■ Data section ■

[Start of section]

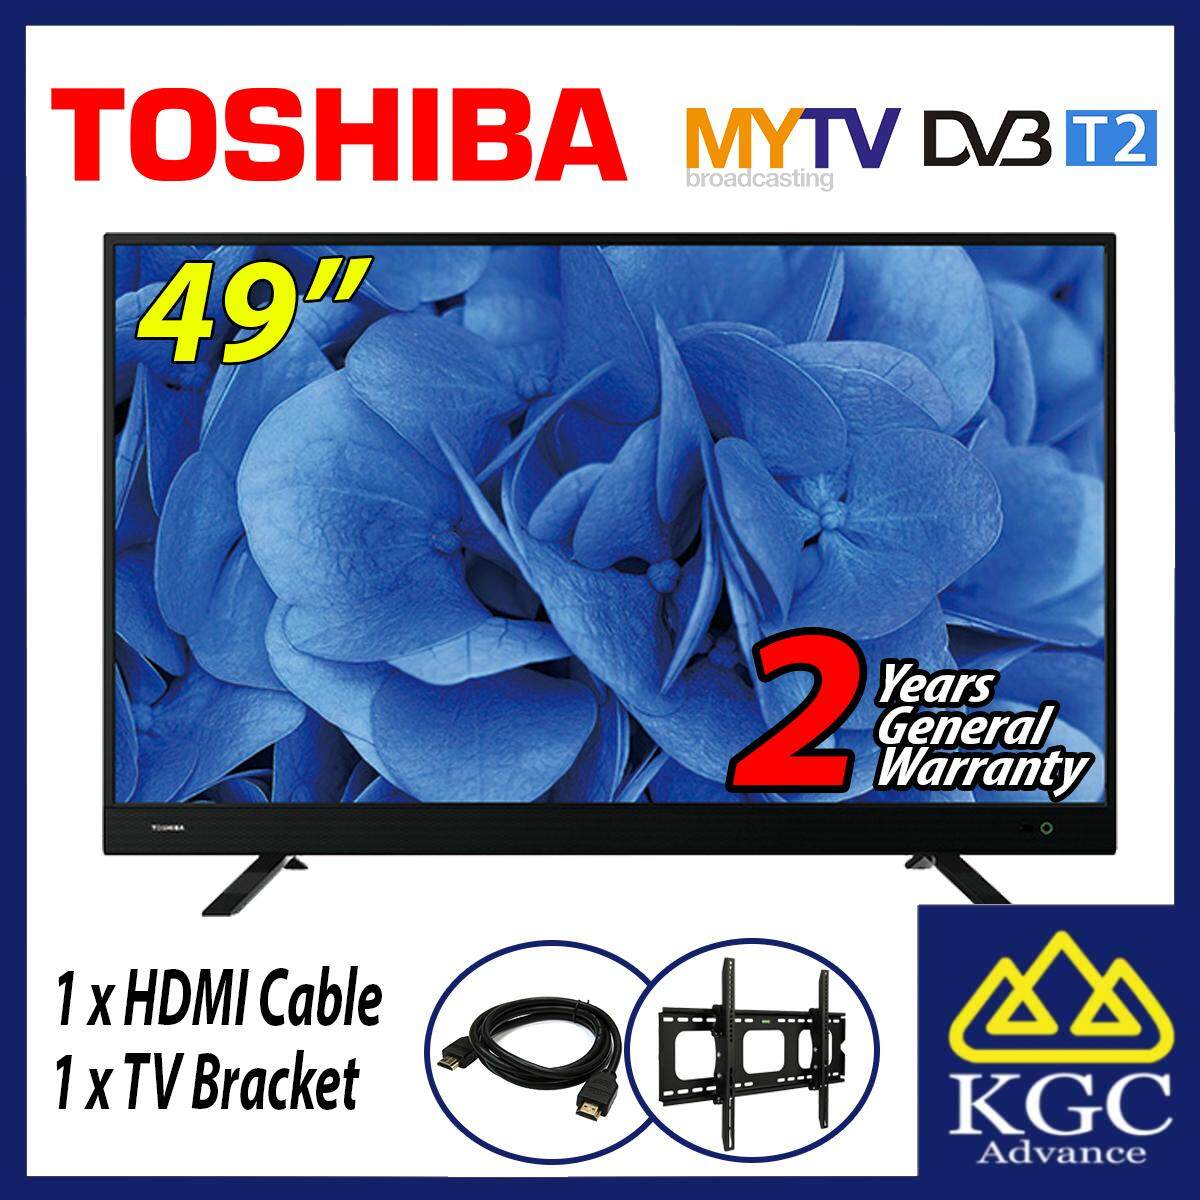 Toshiba 49 inch DVBT2 Full HD LED TV 49L3750VM (Free TV Bracket & HDMI Cable)
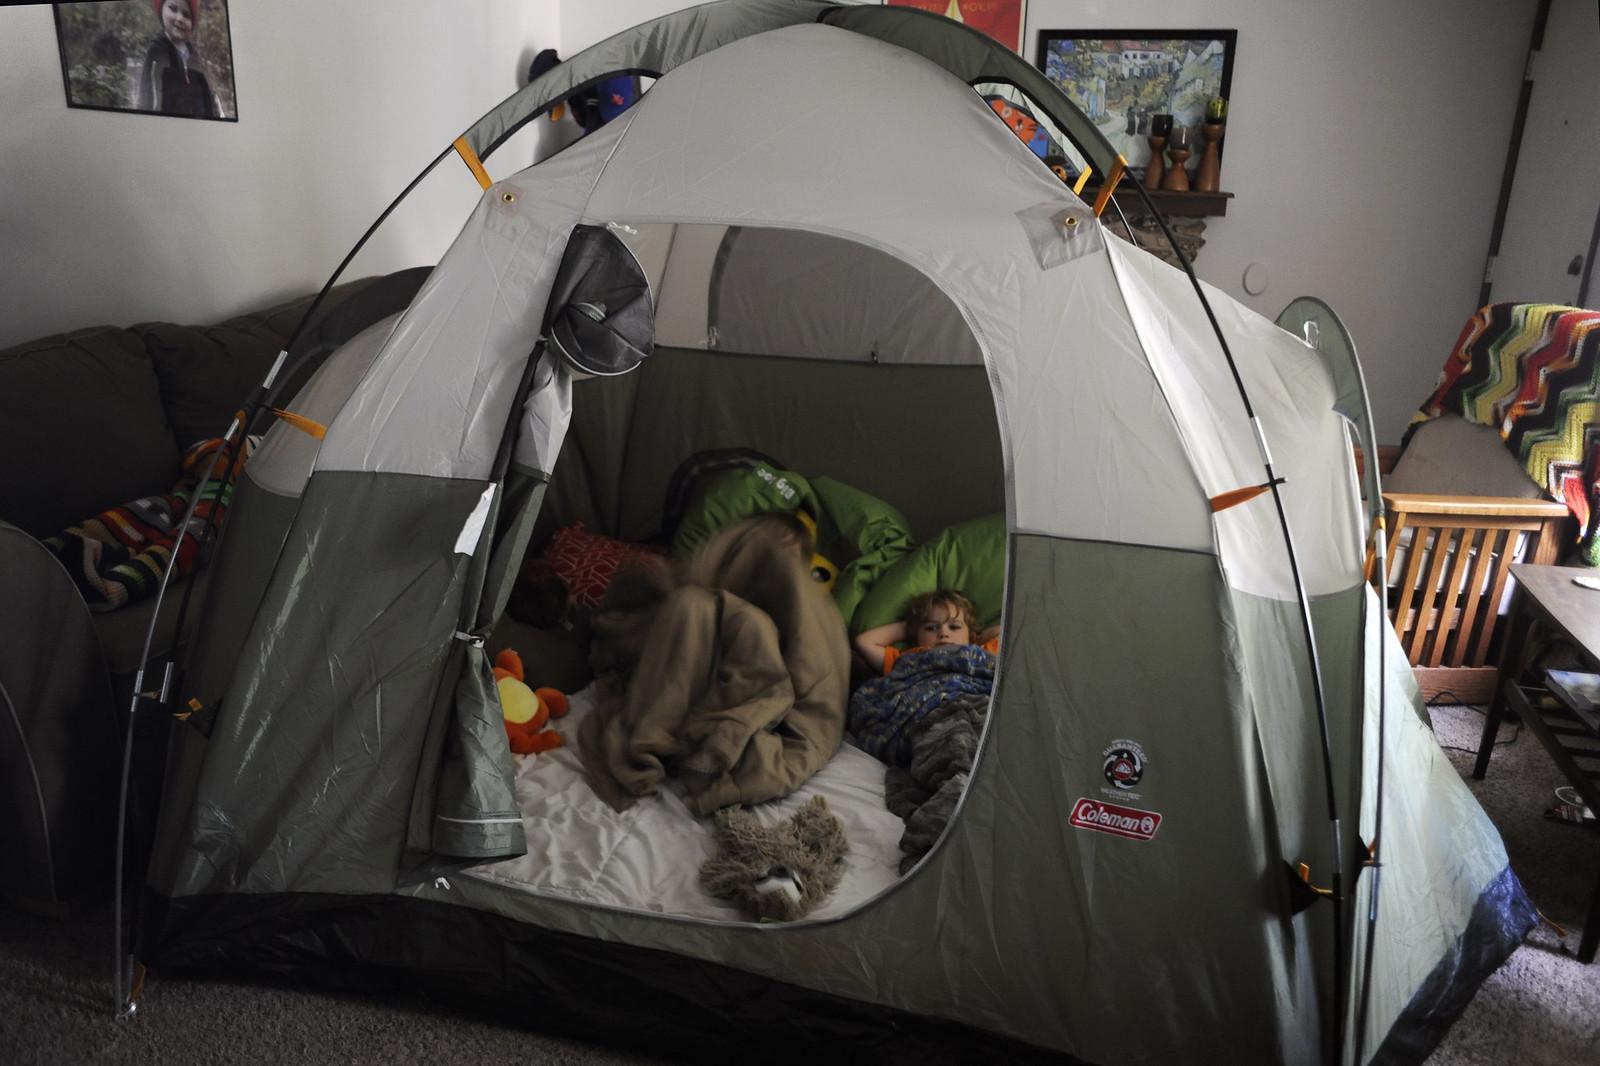 Urban camping.
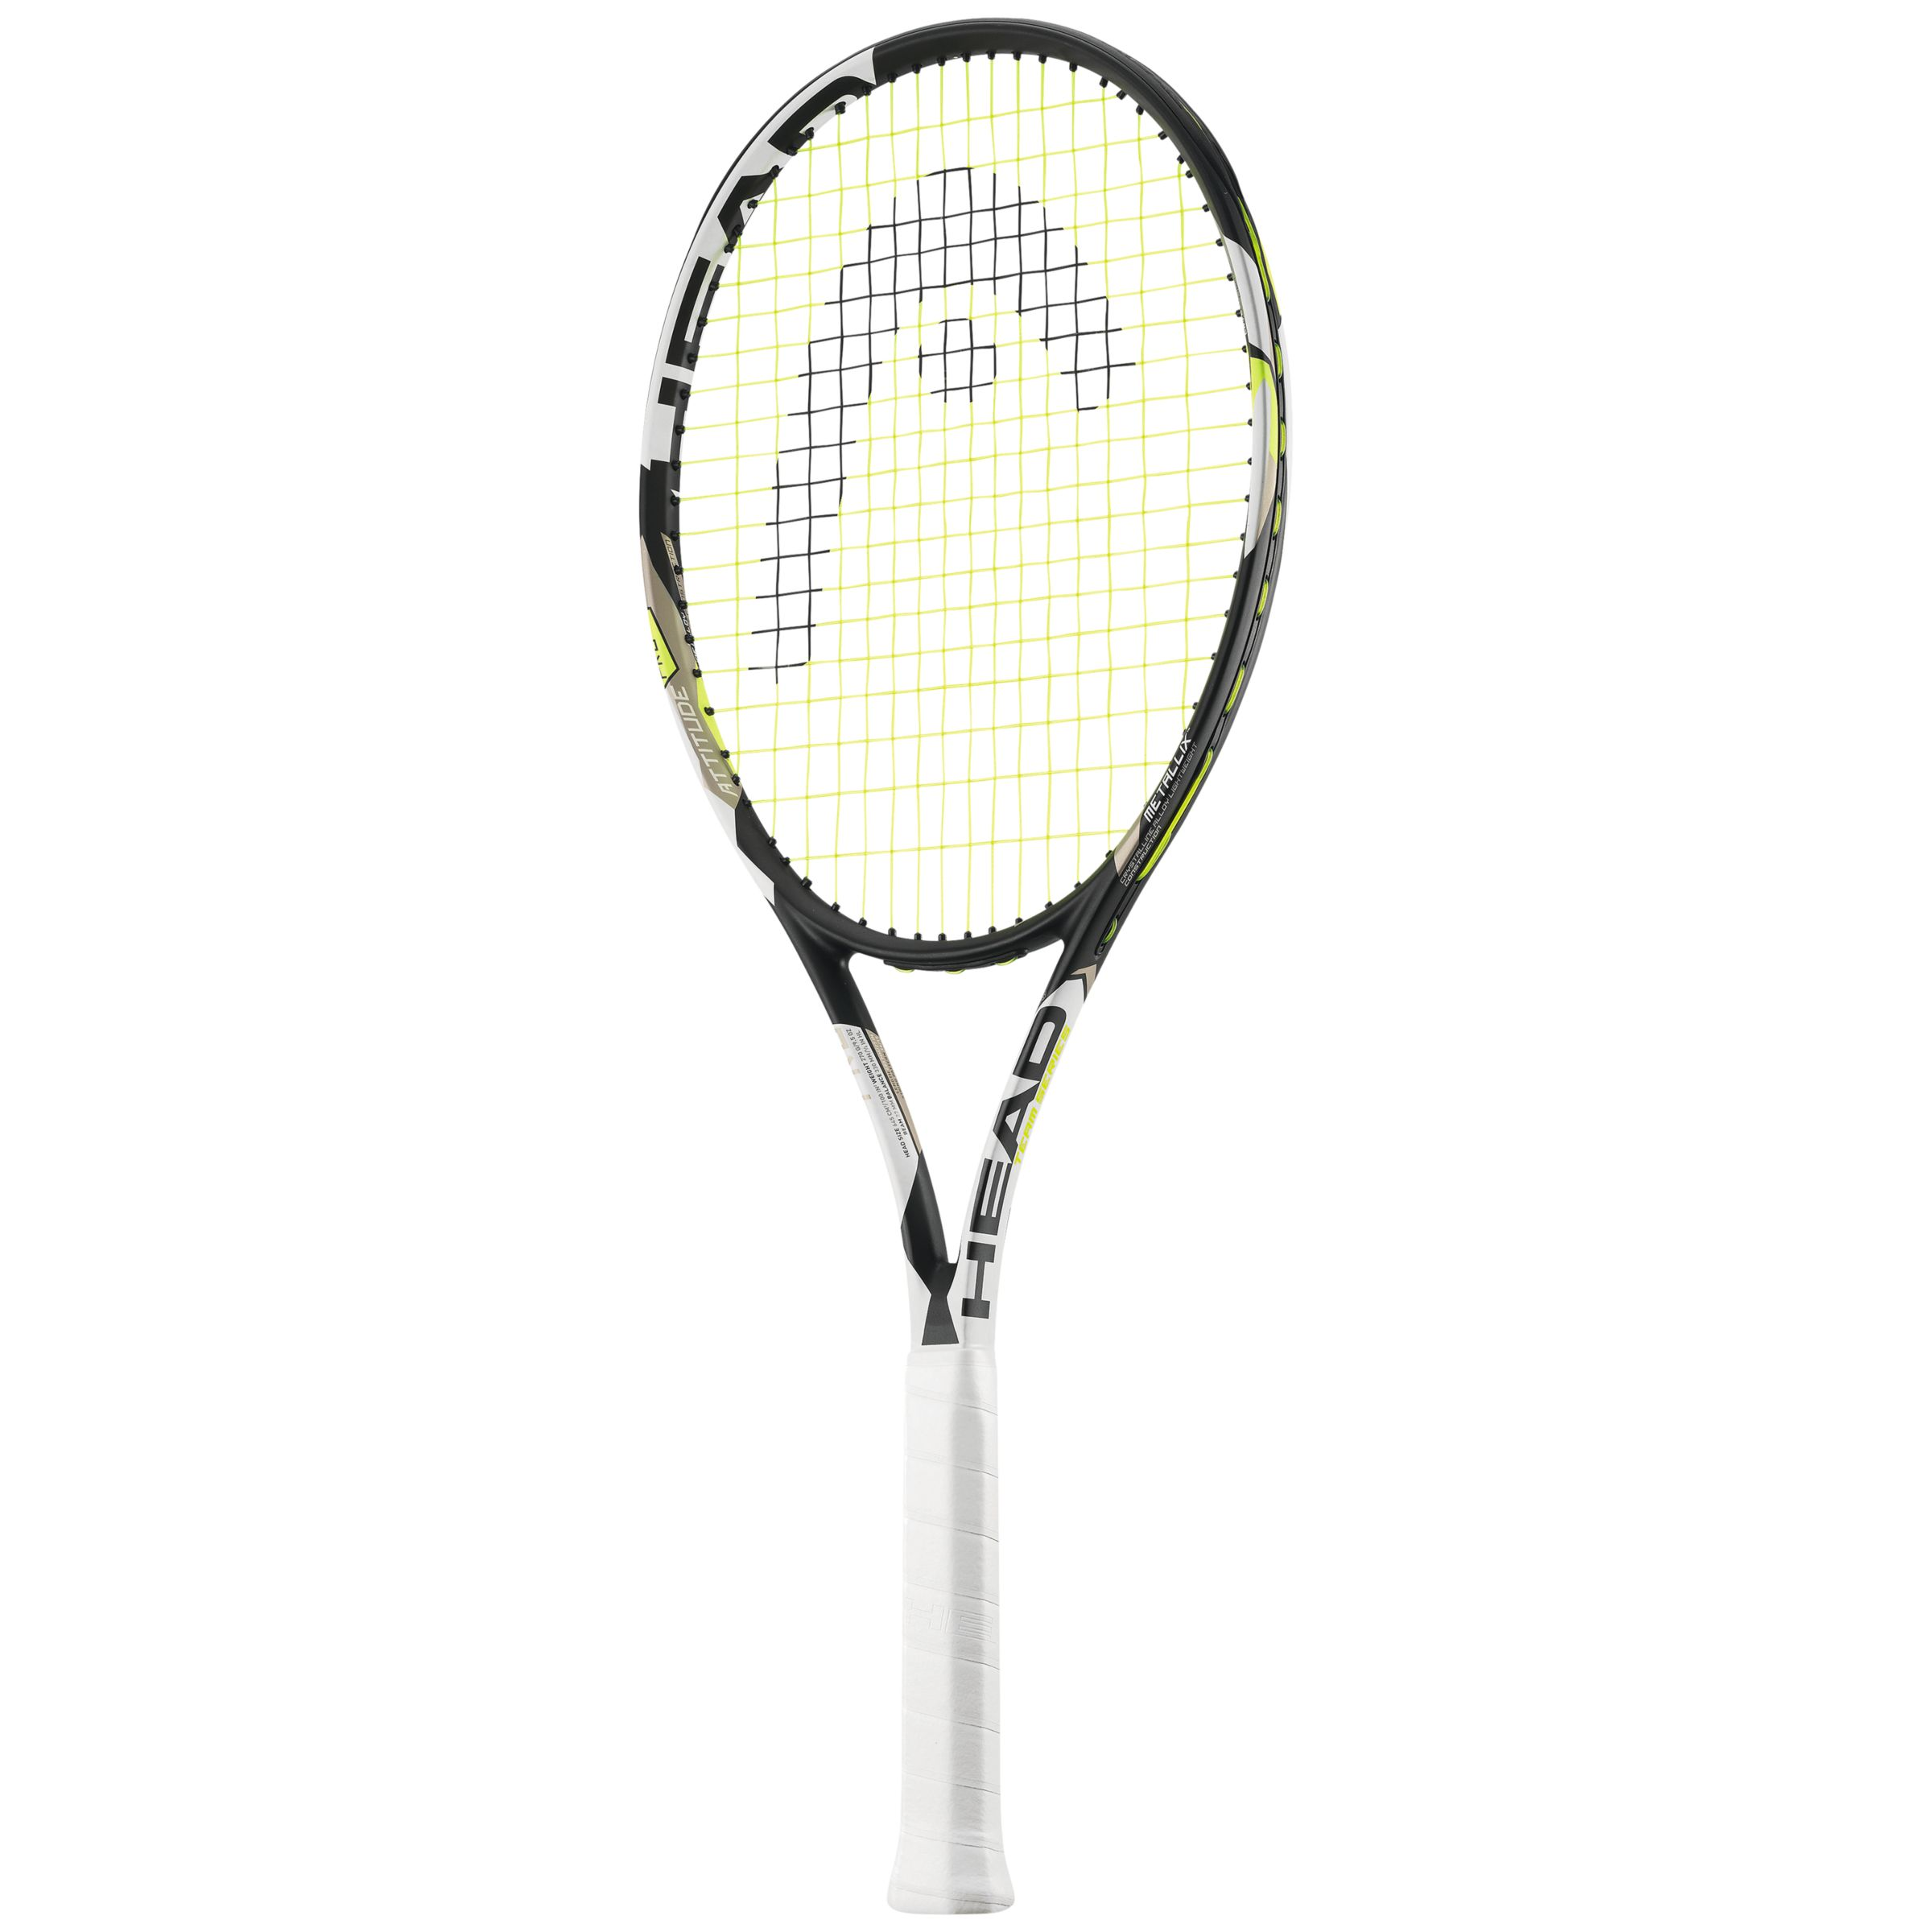 Head Head Attitude Pro Adult Tennis Racket, Black, L3
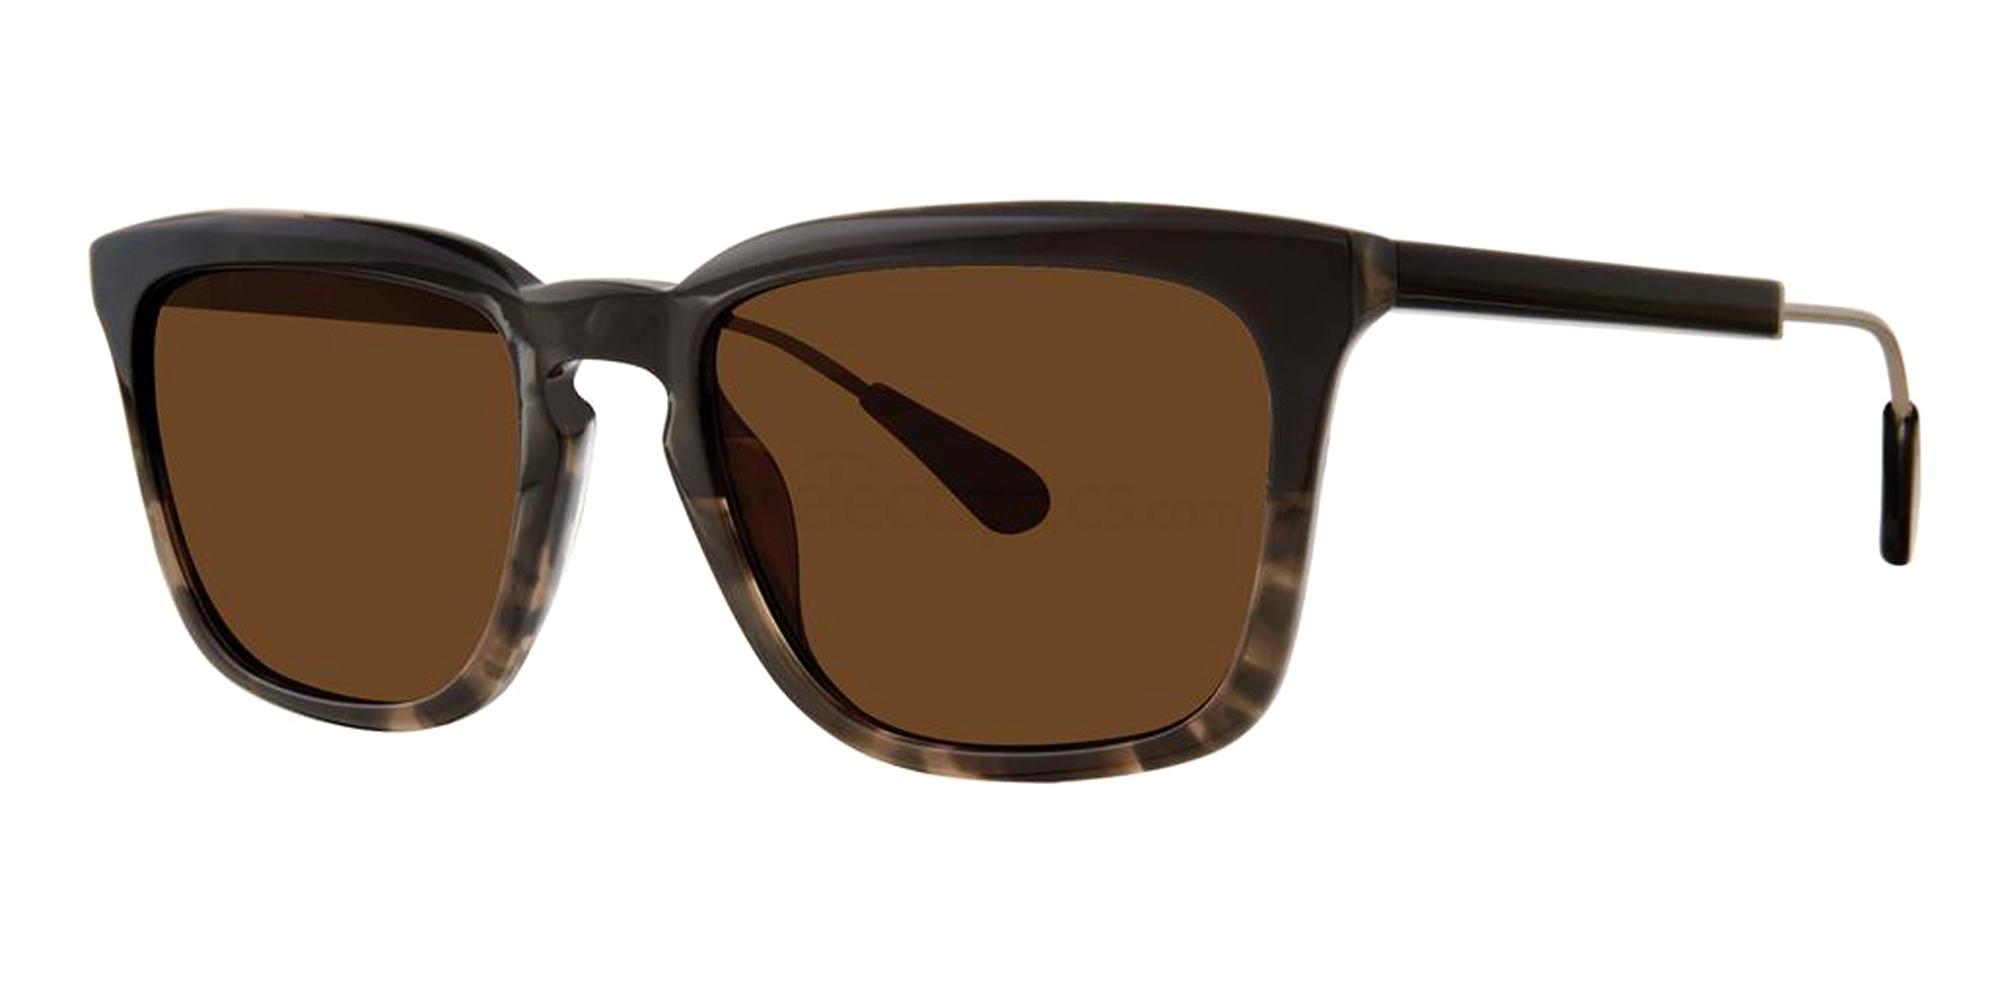 Ink Tortoise MILWOOD Sunglasses, Zac Posen

[End of section]

■ Problem ■
Set down the data exactly as it appears, without any images.

■ Written answer ■
 Toshiba 49 inch DVBT2 Full HD LED TV 49L3750VM (Free TV Bracket & HDMI Cable)
 Urban camping.
 Head Head Attitude Pro Adult Tennis Racket, Black, L3
 Ink Tortoise MILWOOD Sunglasses, Zac Posen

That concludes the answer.